Even if audiences were not always large, it was good that this weekend of modern music took place in the Edinburgh Festival's main venue, the Usher Hall. The previous evening, Boulez himself had directed a concert of progressive music from the whole span of the 20th century, his own Ensemble Intercontemporain flashing and sparkling in the virile, forthright Integrales of Varese, witty and wry in the gurgling Chamber Concerto of Ligeti. Laura Aikin was the seraphic soloist in Stravinsky's Japanese lyrics.

In the final concert of the group, Alain Damiens mooched around the stage as soloist in Elliott Carter's Clarinet Concerto, and David Robertson directed the ensemble in two world premieres. Boulez's Sur incises is an expansion for chamber group of his own Incises for piano; the cascading virtuosity survives in this new work, in which three pianists and three harps, with an array of percussion, maintain rhythm through a network of enormous complexity.

The other new work, Philippe Manoury's Fragments pour un portrait, seemed to summarise the history of Modernism as well as pointing to a post-Modern future. The primitive atmospheres of Stravinsky led to traces of dance and ritual and to grinding, swirling and veering textures that were strongly visual.

The Festival Chorus, stung by the bad reviews they received for earlier concerts, pulled out all the stops in Brahms's Deutsches Requiem. The Finnish Radio Symphony Orchestra did not impress; the strings were anaemic and there were mishaps in the wind. However, Jukka-Pekka Saraste proved to be the right conductor for the job. He began in a broad tempo, heavy with sadness, but soon his explosive and ferocious rhythms brought out the mighty power of the chorus, and he pressed them mercilessly to greater and greater outbursts.

Bryn Terfel, having withdrawn from his earlier Festival commitments, was at last present for this concert. His terrific rhetoric was worthy of a Wagnerian god, and was balanced by the more serious, detached soprano of Karita Mattila.

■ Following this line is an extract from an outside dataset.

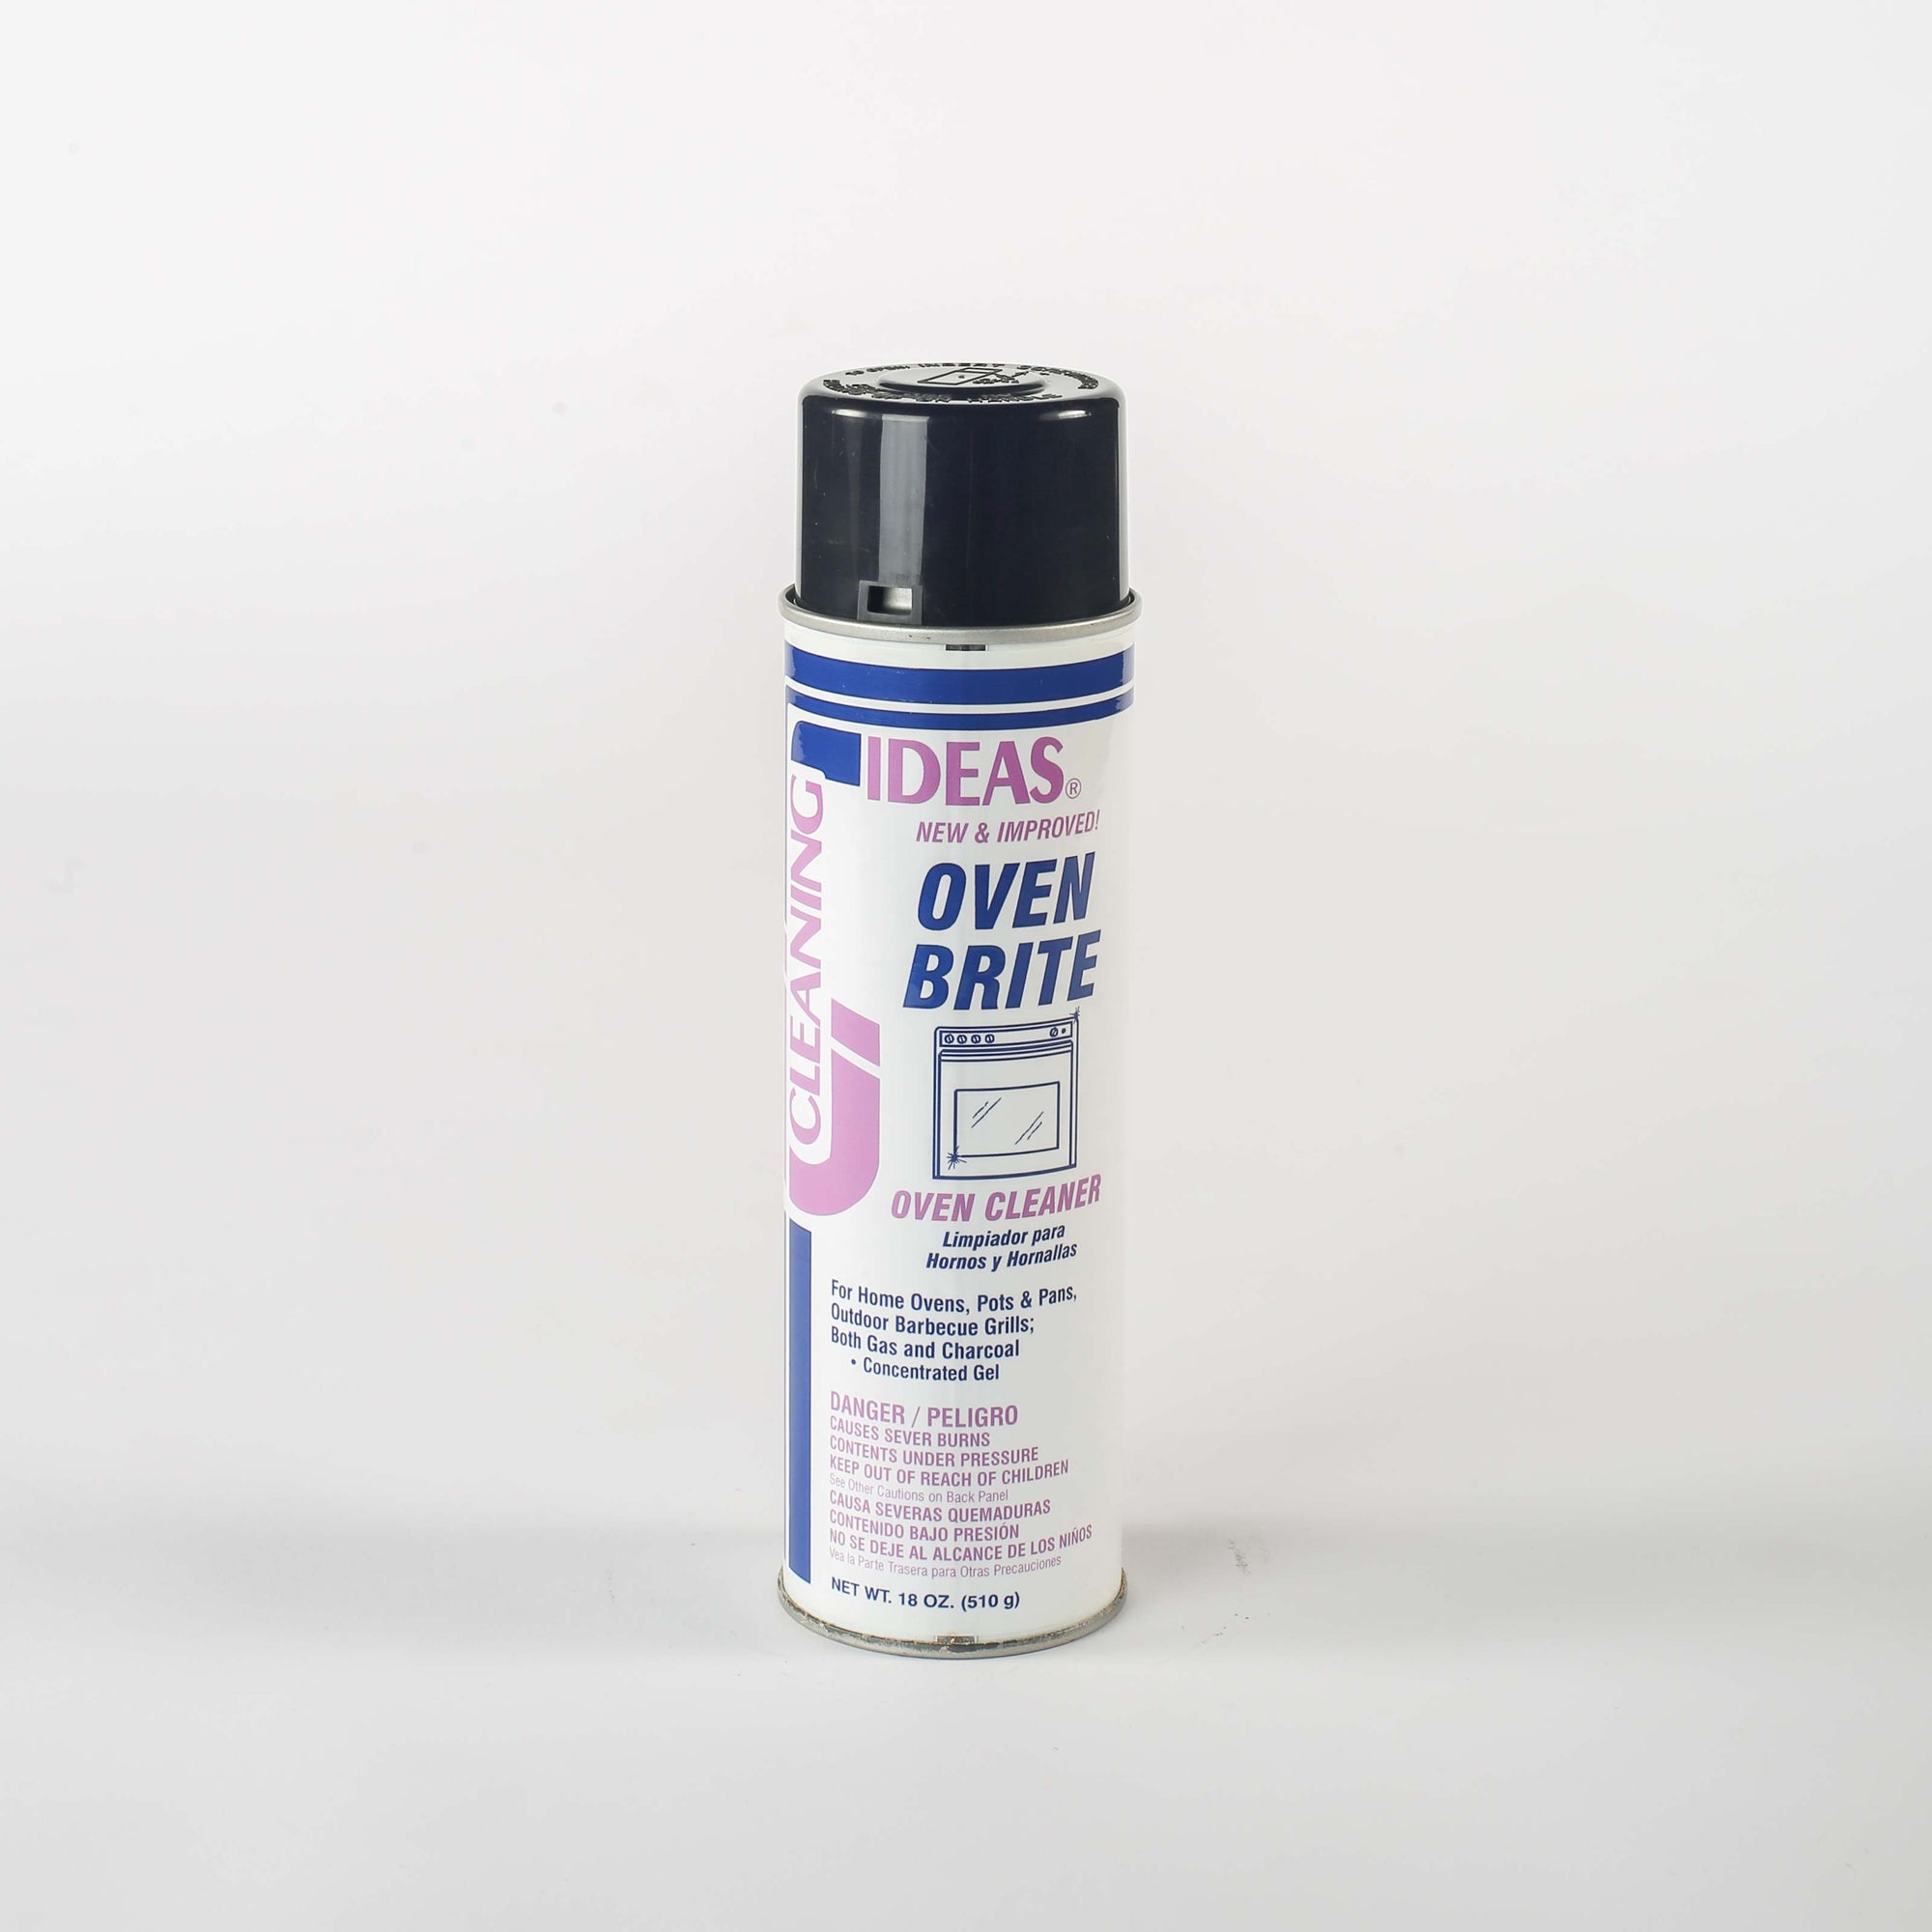 Oven Brite Oven Cleaner - Cleaning Ideas

In earlier concerts, the Orchestra of the Eighteenth Century presented a sorry spectacle. Bands of "authentic" instruments can sound sparky and flavoursome, but the ditchwater has not been invented that is as dull as this outfit.

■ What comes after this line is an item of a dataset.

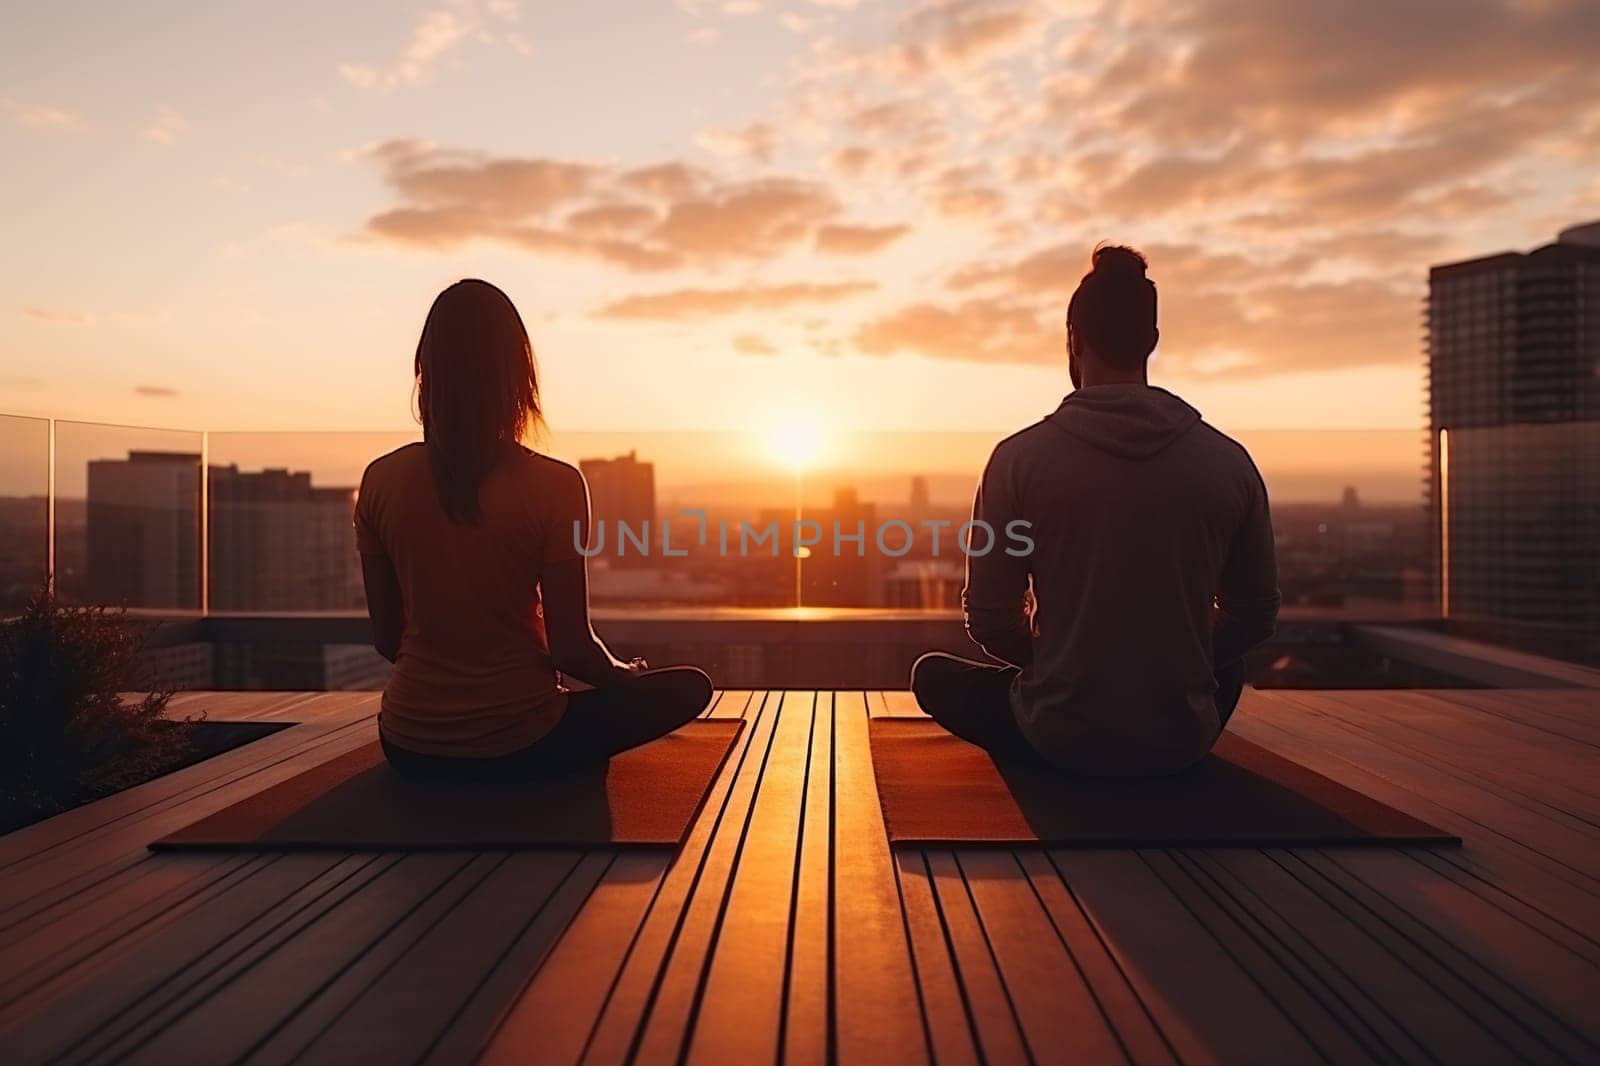 A man and a woman do yoga on the roof of a building at sunset, dawn.

Best was the rather inconsequential ballet music from Rameau's Nais; Beethoven's Eroica Symphony fell flat, and in a soporific evening of Mendelssohn only Thomas Zehetmair's alfresco account of the Violin Concerto had any life, though the conductor, Frans Bruggen, gave all the wrong tempos. His attempts to sabotage the Italian Symphony were, unfortunately, successful.

A performance of Wolf's Spanisches Liederbuch by the instinctive, charming Amanda Roocroft and the jovial Olaf Bar could have been one of the Festival's glowing pearls. It was vitiated by a wrong choice of venue; with a tiny audience in the Usher Hall, the voices faded into the vast empty space, all intimacy lost.